Um elemento central deste treinamento para um ator britânico, e algo que Holden diz “diferente (LAMDA) do que as pessoas podem experimentar nos EUA”, é o foco no conjunto.

“Desde muito cedo, os nossos alunos compreendem o que significa trabalhar em conjunto e como projeto, como a sua aprendizagem pode ser melhorada estando abertos aos outros, compreendendo os outros e como o todo é mais forte do que o indivíduo”, afirma. Os graduados da LAMDA, afirma ele, são frequentemente identificados na indústria, “pela sua capacidade de trabalhar em conjunto e criar esse espírito de conjunto nos ensaios e, finalmente, na produção”.

Depois, há outra instituição de atuação célebre e estabelecida há muito tempo em Londres, a RADA. Embora possa não ter sua própria base americana dedicada, tem um programa curto de cursos, incluindo uma “prática de atuação” intensiva de cinco dias em Nova York.

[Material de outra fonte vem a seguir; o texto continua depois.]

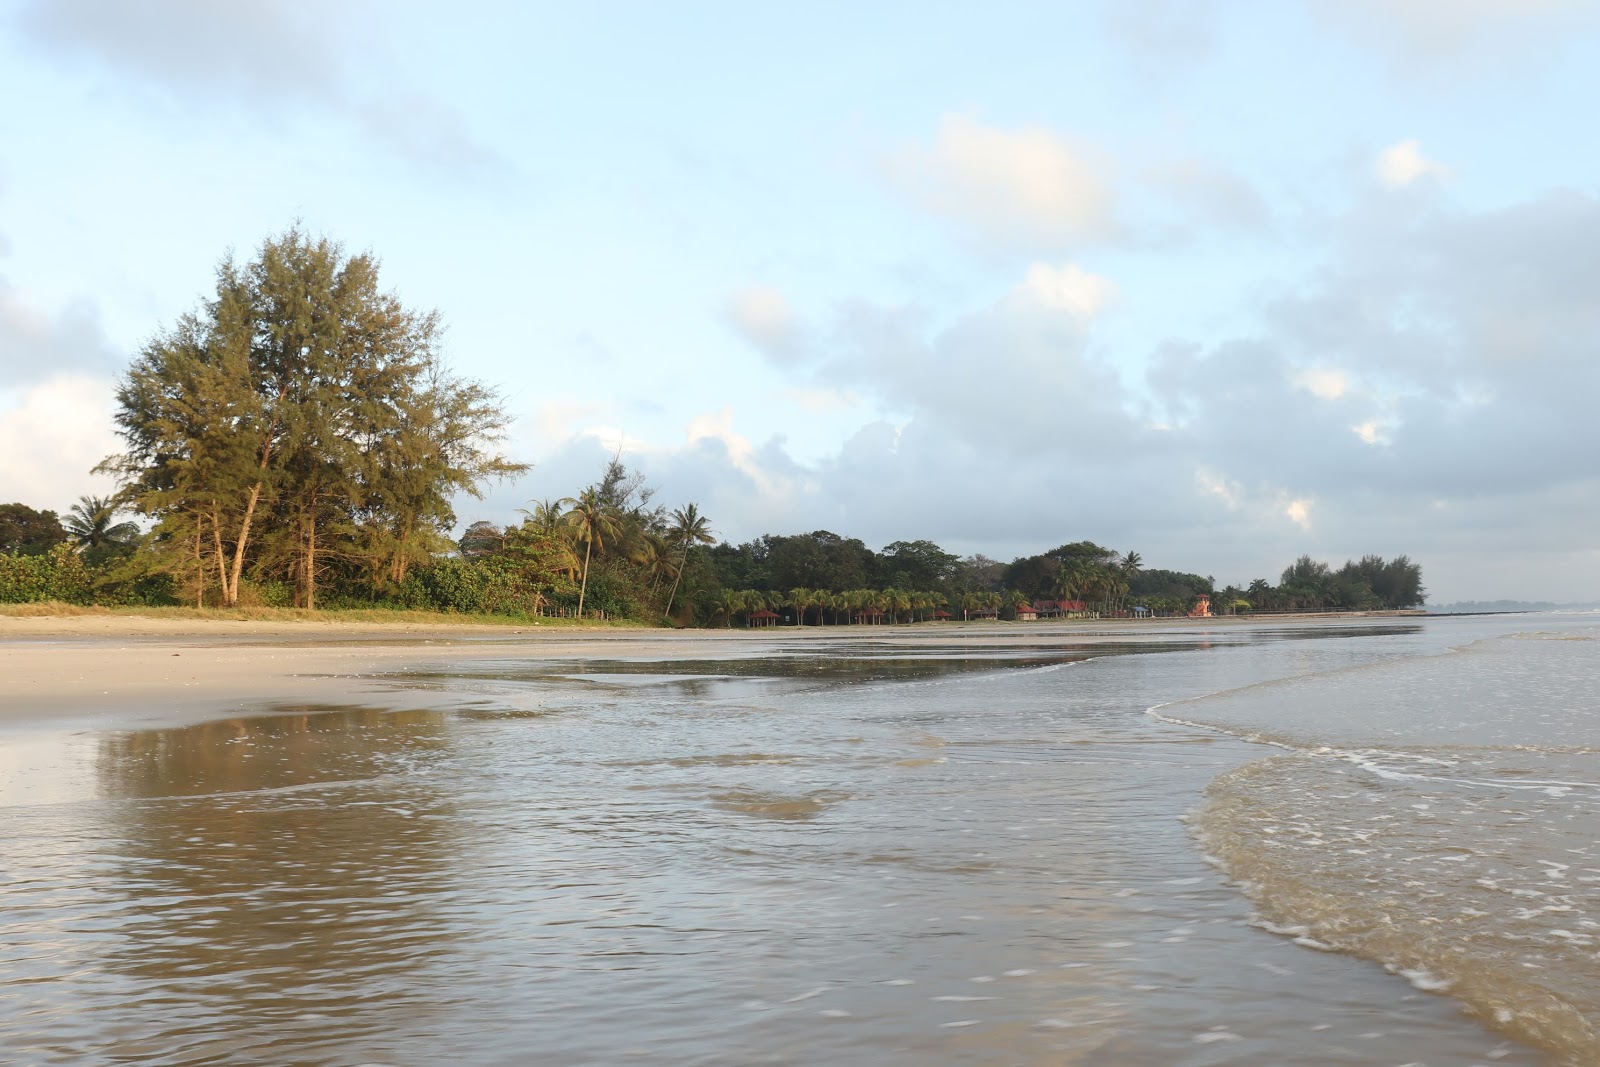 Fotografie cu Beserah Beach - locul popular printre cunoscătorii de relaxare

Mas nem tudo é um tráfego de mão única quando se trata de transferência de conhecimento. Uma das coisas que Marcus, de Bow Street, diz que ficou encantado em aprender sobre a cultura americana é que eles “nunca param de treinar”, em comparação com a Europa, onde “é tradicionalmente como se eu tivesse feito três anos, estou pronto para ir”. É por isso que um dia aberto na escola em 26 de julho, antes do lançamento em setembro, dará as boas-vindas a todos da indústria cinematográfica – incluindo não-atores que possam estar procurando uma reciclagem.

Quer gostem do “Método Gary Grenell” de Bow Street ou do enfoque conjunto da LAMDA, é claro que o principal objectivo para a maioria dos estudantes norte-americanos que se candidatam a estas escolas é melhorar as suas hipóteses de emprego – potencialmente arrebatando um papel americano de alto perfil debaixo do nariz de uma estrela britânica ou irlandesa “atacante”.

Marcus aponta para o sucesso dos ex-alunos irlandeses de Bow Street, liderados por Keoghan, mas incluindo novas estrelas como Peter Claffey, um ex-jogador profissional de rugby que se aposentou do esporte, matriculado na Academia, logo se juntou ao elenco de The Bad Sisters e agora é mais conhecido por seu papel principal como Sir Duncan, o Alto, em The Seven Knights of Self.

“Mas também temos dois Ringos e um John”, diz ele, observando que, além de Keoghan interpretar o baterista dos Beatles, Ringo Starr, em quatro cinebiografias de Sam Mendes, o graduado Louis McCartney – vencedor do Tony do ano passado por Stranger Things: The First Shadow – acaba de ser escalado como músico no drama da BBC, que também é estrelado por Hamburgo. Lennon.

“Então, de repente, isso realmente nos atingiu”, diz Marcus. “E esse é o nosso novo lema: nossos graduados trabalham.”